For DNA damage induction followed by immunofluorescence staining, cells were seeded on µ-Grid (35 mm with Grid, ibidi) dishes and sensitized with Hoechst 33342 (10 µg/mL, 10 minutes). Laser microirradiation was performed using the tile scan mode (3×3 tiles, image size 128×128, scan speed 177.32 µs, every 7th line scanned, 405 nm laser set to 70%), as previously described91. After indicated time periods, cells were fixed in 4% paraformaldehyde and permeabilized with 0.5% Triton X-100. Unspecific binding was blocked by incubation in PBS/4% BSA before staining with respective primary antibodies (pan-ADP-ribose binding reagent, 1:1000; γH2A.X, 1:1000). Primary antibodies were detected using secondary antibodies (diluted 1:500-1:1000 in PBS/4% BSA) conjugated to Alexa Fluor 568 or 647 (Thermo Fisher Scientific). Cells were counterstained with DAPI and kept in PBS until images were taken with the LSM780 microscope.

For FRAP analysis, half of the nucleus was marked using the regions tool of the ZEN software (ZEISS, version 2.1) and photobleached with the 488 nm laser set to maximum power at 100% transmission using 5 iterations at scan speed 8 (5 µs). Before and after bleaching, confocal image series were recorded with the following settings: 500 ms time intervals (20 prebleach and 200 postbleach frames), frame size 256×256 pixels, 170 nm pixel size, bidirectional scanning and a pinhole setting of 2.52 airy units. Mean fluorescence intensities of the bleached region were corrected for background and for total nuclear loss of fluorescence over time.

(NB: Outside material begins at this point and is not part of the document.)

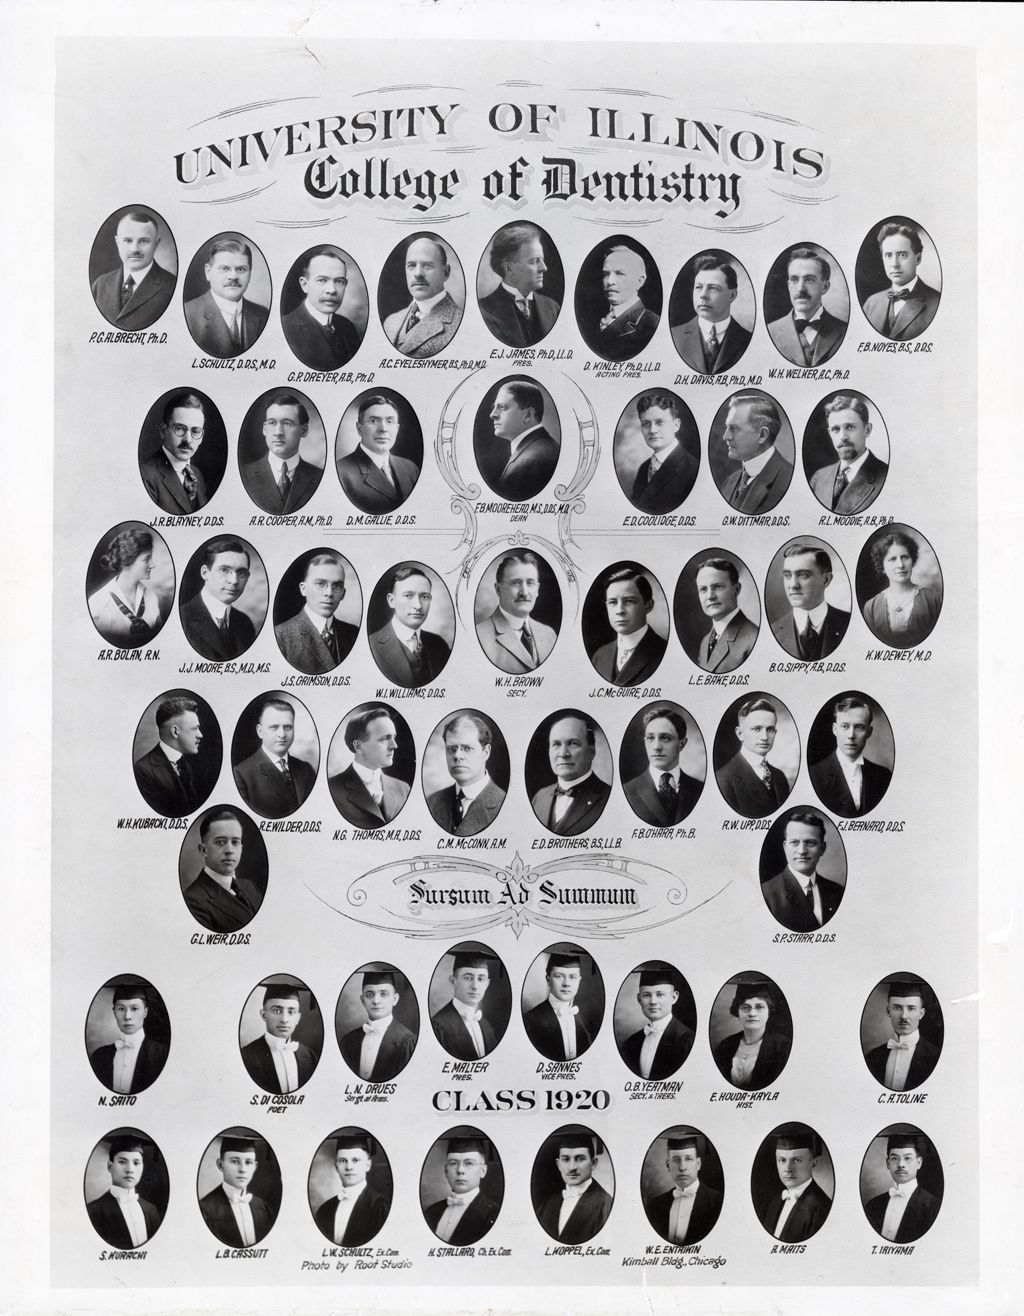 1920 graduating class, University of Illinois College of Dentistry

For the quantitative evaluation of photobleaching experiments, data of at least 45 nuclei from five independent experiments were averaged and the mean curve, the standard error of the mean (s.e.m.), halftime of recovery (t½) and mobile fraction (Mf) calculated and displayed using Microsoft Excel 2010 and GraphPad Prism (version 10).

Flow cytometry

MTH1 G48E studies

For MTH1 studies, 400,000 U-2 OS V5-MTH1 G48E clone #6 cells were plated in T25 flasks in the presence of 1 µg/mL DOX on day 0. The following morning (day 1), the cells were then treated with DMSO (0.01% v/v final concentration) or the indicated concentration of MTH1i for 24 hours. On the morning of day 2, the cells were harvested by trypsinization and pooling of culture medium, as well as PBS washes (to ensure collection of dead and mitotic cells). Following a wash with PBS, the cells were fixed with 4% PFA in PBS for 15 minutes, washed once with 1% BSA/PBS, then permeabilized with saponin buffer (0.1% saponin in 1% BSA/PBS) on ice for 30 minutes. The cells were then stained with anti-V5 (mouse, clone E10/V4RR, 1:300) and anti-p-HH3 Ser10 (rabbit polyclonal, 1:500) antibodies diluted in saponin buffer overnight at 4 °C. Next, the cells were washed twice with saponin buffer prior to incubation with donkey anti-rabbit Alexa Fluor 647 and donkey anti-mouse Alexa Fluor 488 antibodies (1:1000 in saponin buffer) for 30 minutes at 37 °C. Following two additional washes with saponin buffer, the cells were incubated with 0.1 mg/mL RNase A (Thermo Fisher Scientific) and 10 µg/mL Hoechst 33342 for 15 minutes at room temperature in 1% BSA/PBS. Control V5-MTH1 G48E cells were also used for singlet antibody controls (one for V5 and one for p-HH3 Ser10). The cells were then analyzed by flow cytometry on a BD Fortessa flow cytometer (Bectin Dickenson) using BD FACSDiva software (version 8.0.1) for acquisition (p-HH3 Ser 10-Alexa Fluor 647: R 670_30-A, V5-Alexa Fluor 488: B 530_30-A, Hoechst: V 450_50-A). Analysis (including cell cycle by the Watson Pragmatic method) and final gating of cell populations was performed with FlowJo software (Bectin Dickenson, version 10.7.1; see Supplementary Fig. 20a). FlowJo was also used to export raw, per-event values for subsequent plotting and analysis in GraphPad Prism (version 10).

PARP1 L713F studies

PARP1 experiments were performed with live U-2 OS pINDUCER20-PARP1 L713F-GFP #5/pLenti CMV Blast-mCherry or HCT116 pLenti CMV Blast-PARP1 L713F-GFP/pLenti CMV Blast-mCherry cells. Briefly, 200,000 cells were plated in T25 flasks (in the presence of 1 µg/mL DOX for U-2 OS cells). The following day, varying concentrations of veliparib/niraparib or an equivalent volume of DMSO was added to the cells prior to harvesting 24 hours later. Trypsinized cells were quenched with complete medium, pelleted at 400 x g for 5 minutes, washed by resuspending in sterile PBS/10% FBS, centrifuged again, and then transferred to 5 mL flow cytometry tubes via a 40 µm strainer cap (BD Falcon) in 500 µL sterile PBS/5% FBS. The samples were then analyzed on a BD Accuri C6 flow cytometer (Bectin Dickenson) with BD Accuri C6 software (version 1.0.264.21; GFP – PARP1 L713F stabilization, mCherry – fluorescence normalization). Unstained parental U-2 OS or U-2 OS pINDUCER20-L713F cells without DOX were used to establish final gating and compensation parameters with FlowJo (Bectin Dickenson, version 10.7.1; Supplementary Fig. 20b,c).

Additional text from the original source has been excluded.